[What this task involves]: For the copy, please give all of the data again exactly and leave the pictures out.

[Information shown]:
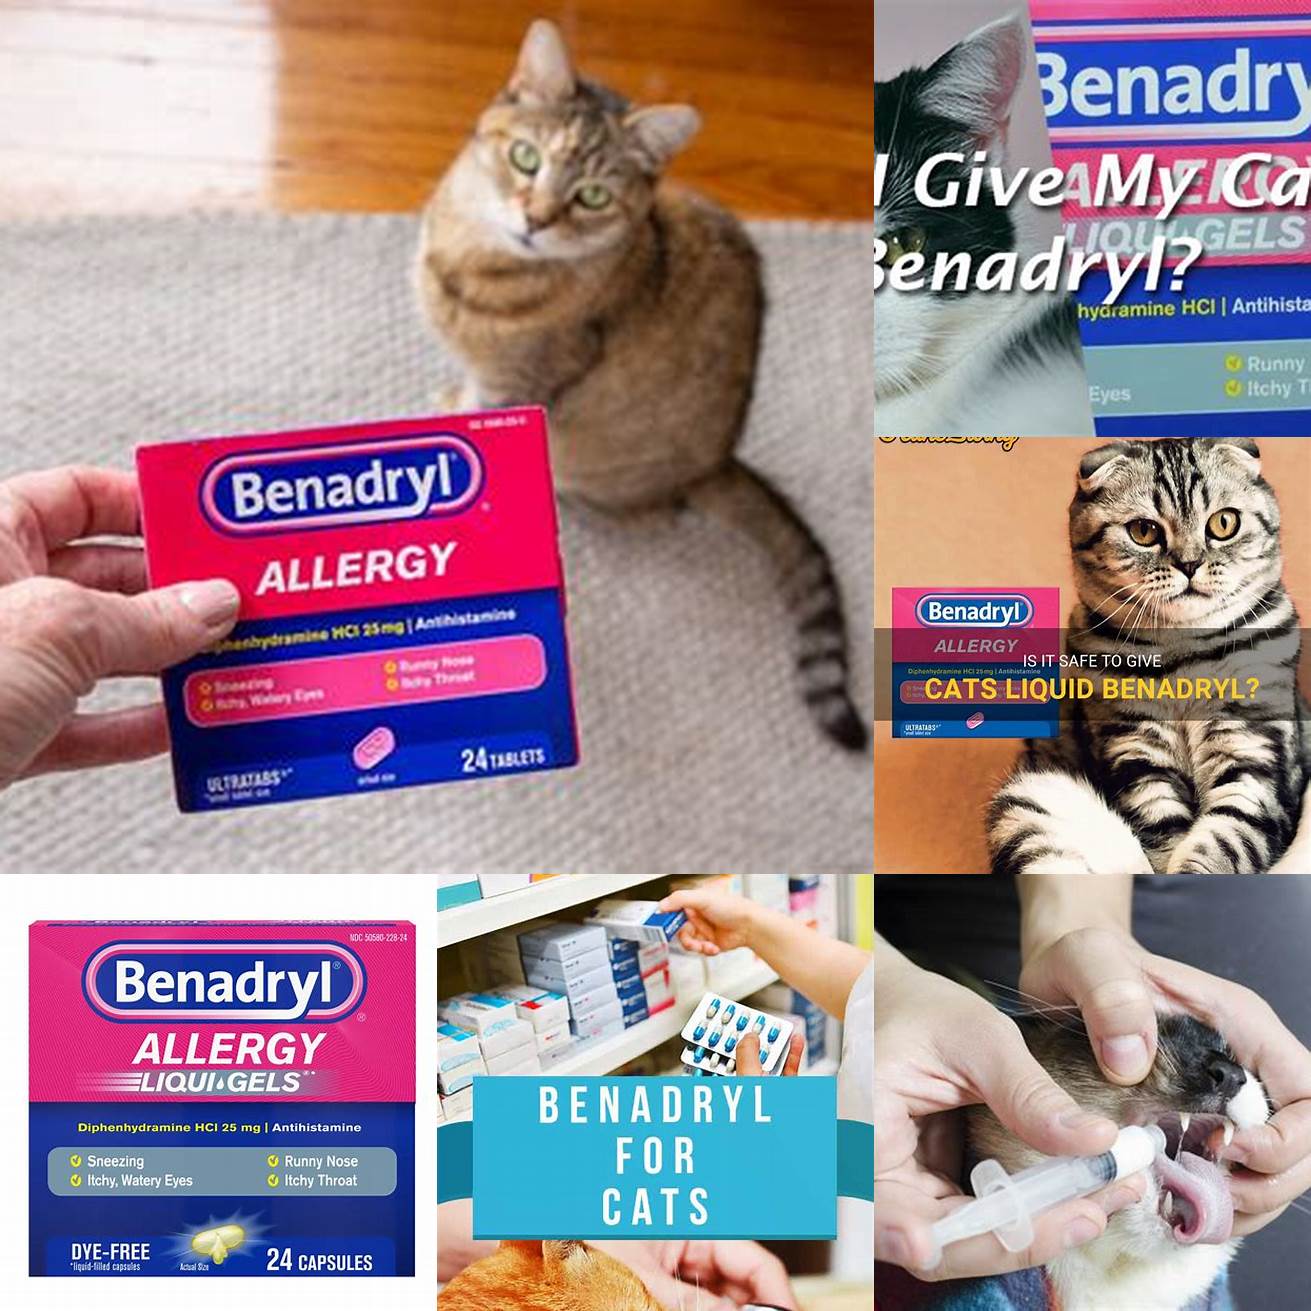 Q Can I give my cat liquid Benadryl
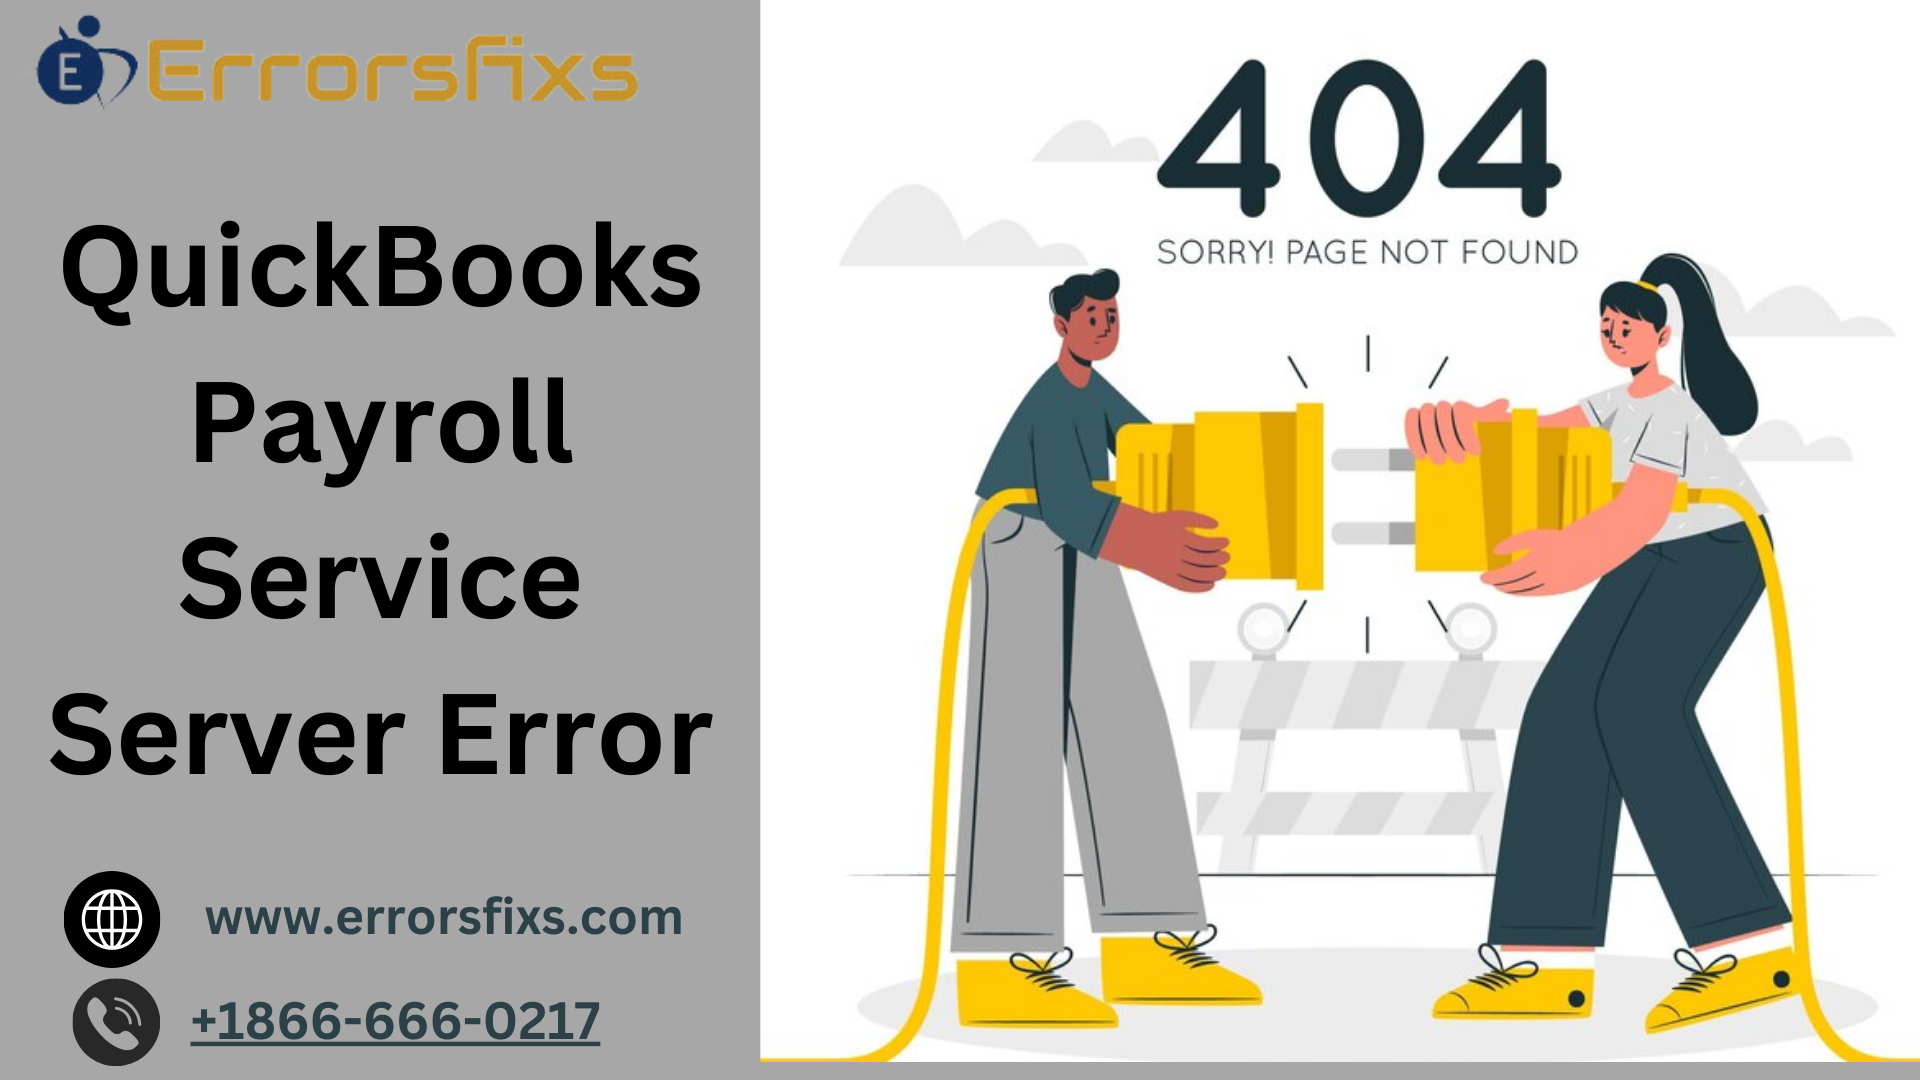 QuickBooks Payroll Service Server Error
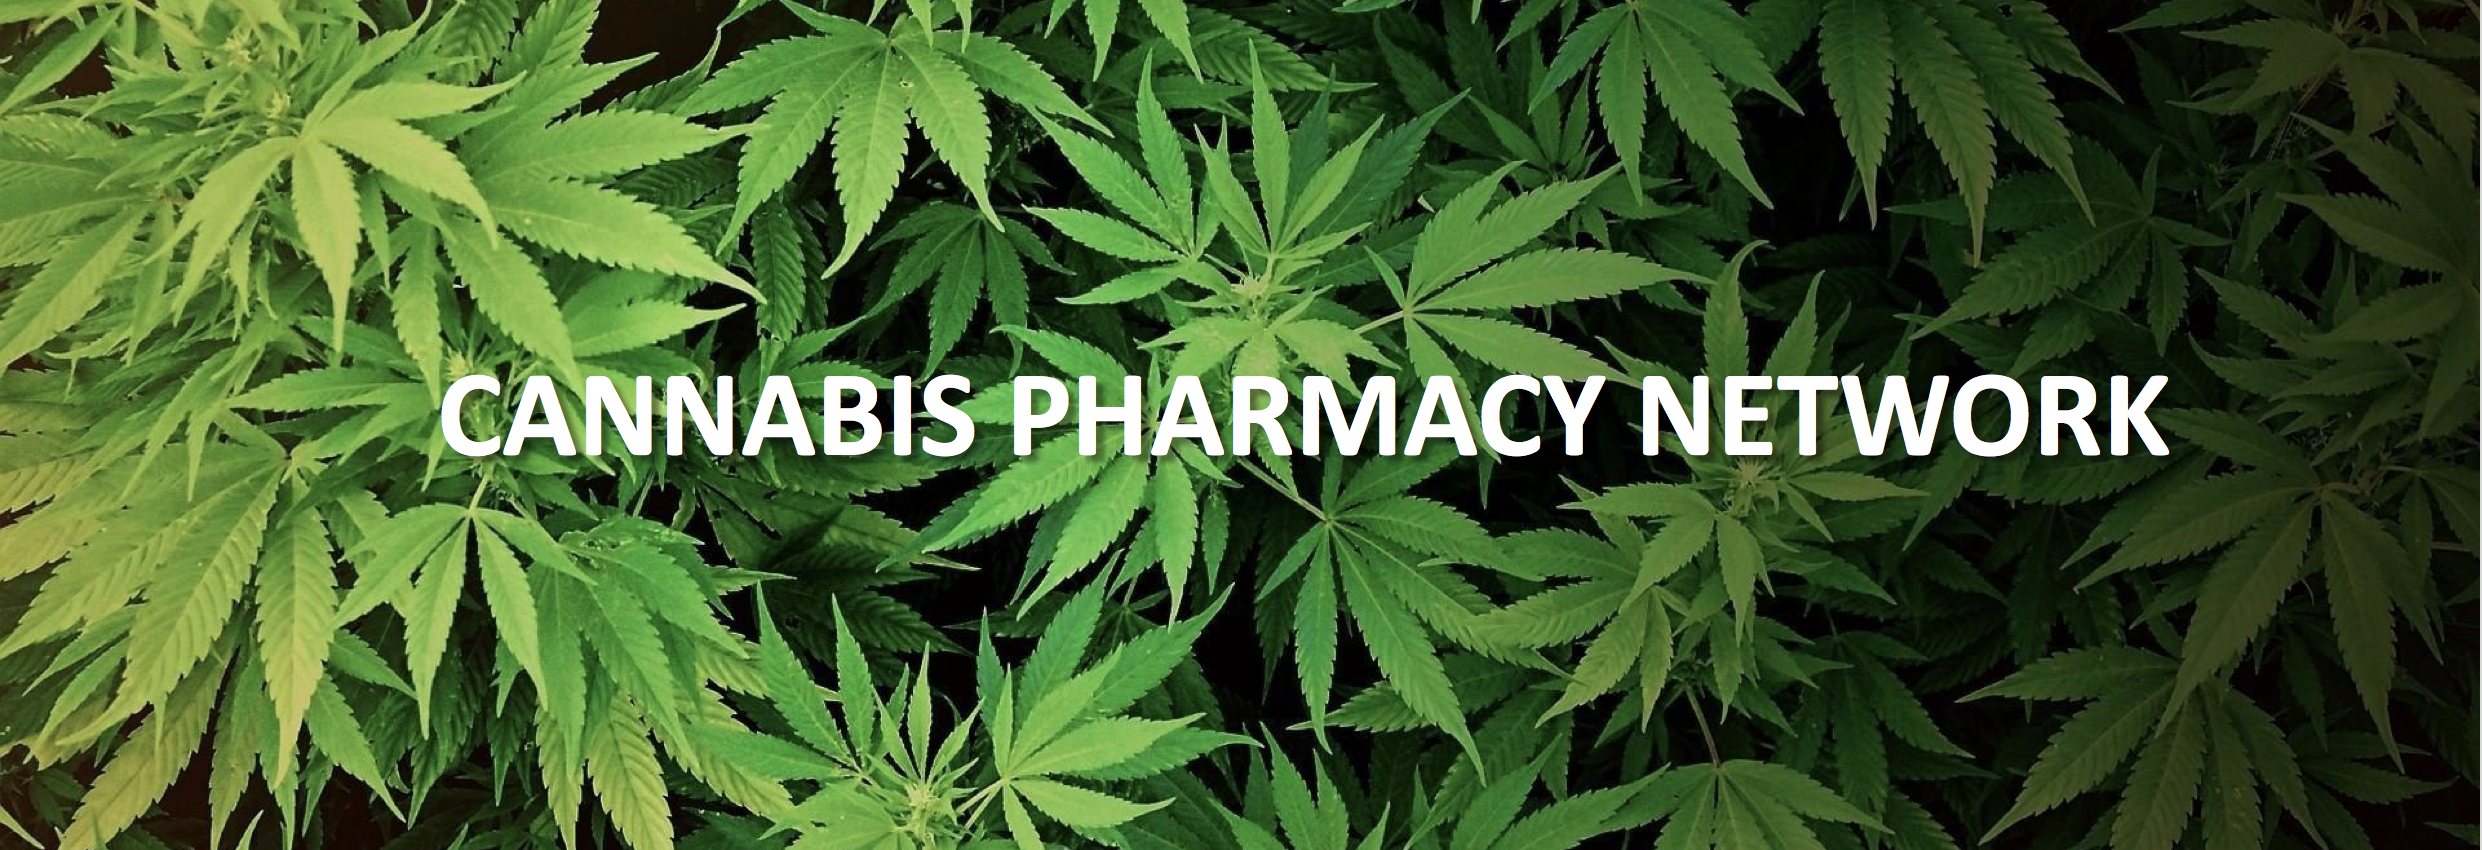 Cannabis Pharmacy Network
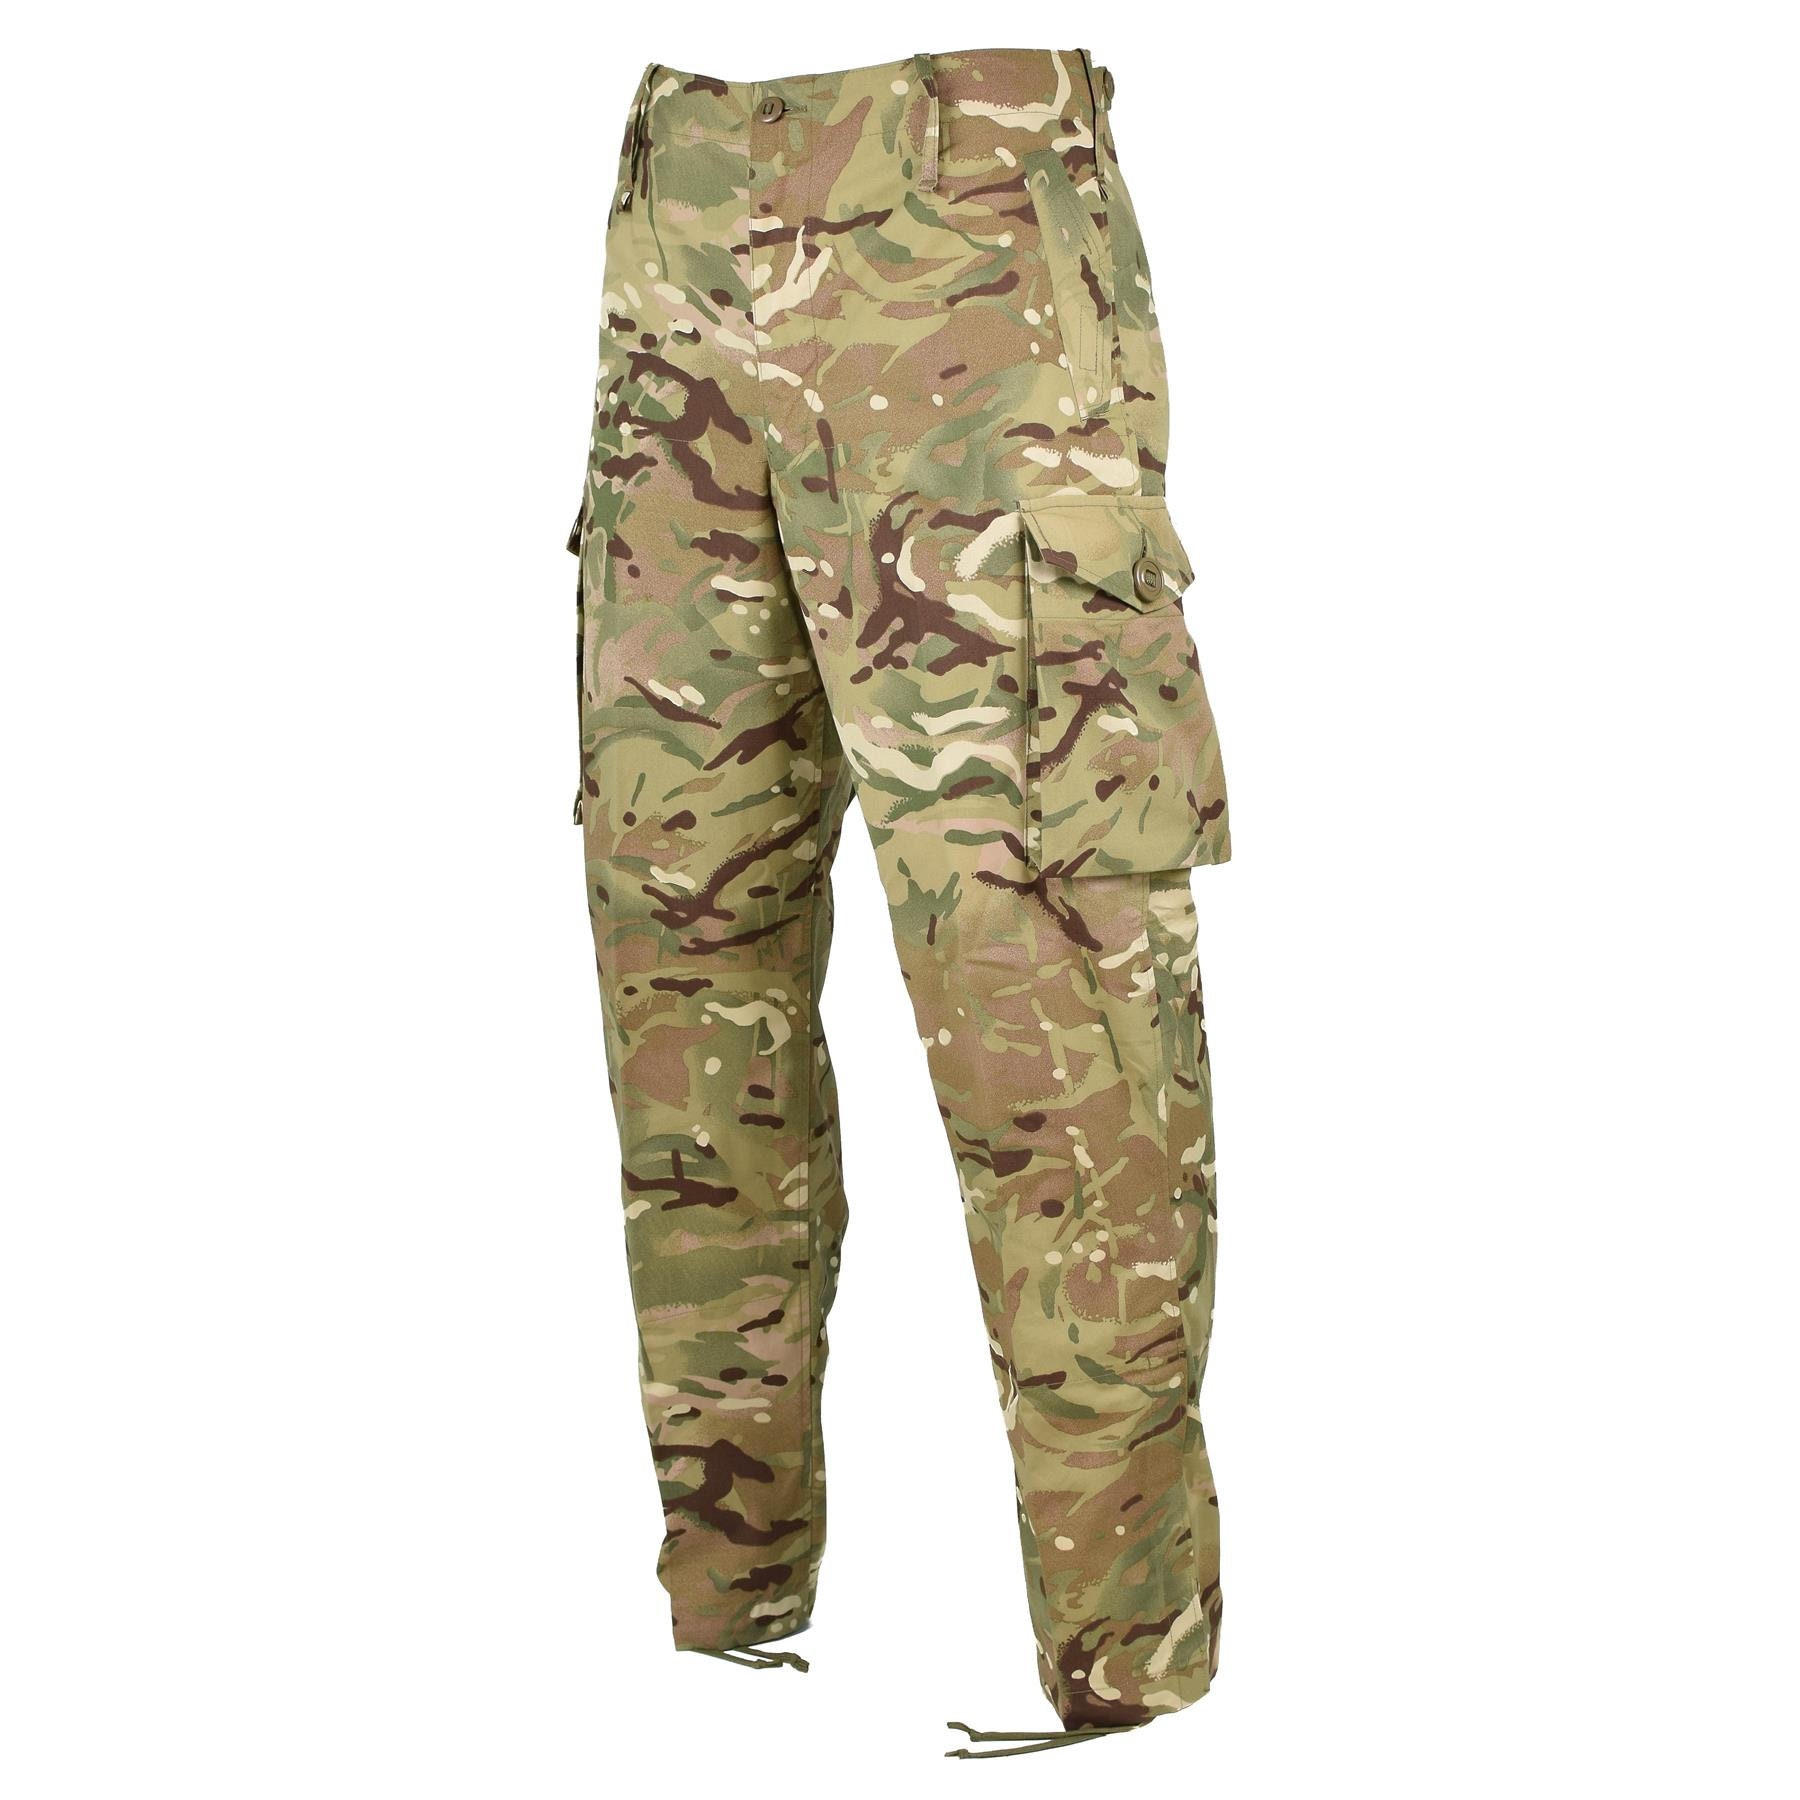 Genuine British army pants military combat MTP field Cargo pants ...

[Problem solution]:
 Q Can I give my cat liquid Benadryl
 QuickBooks Payroll Service Server Error
 Cannabis Pharmacy Network
 Genuine British army pants military combat MTP field Cargo pants ...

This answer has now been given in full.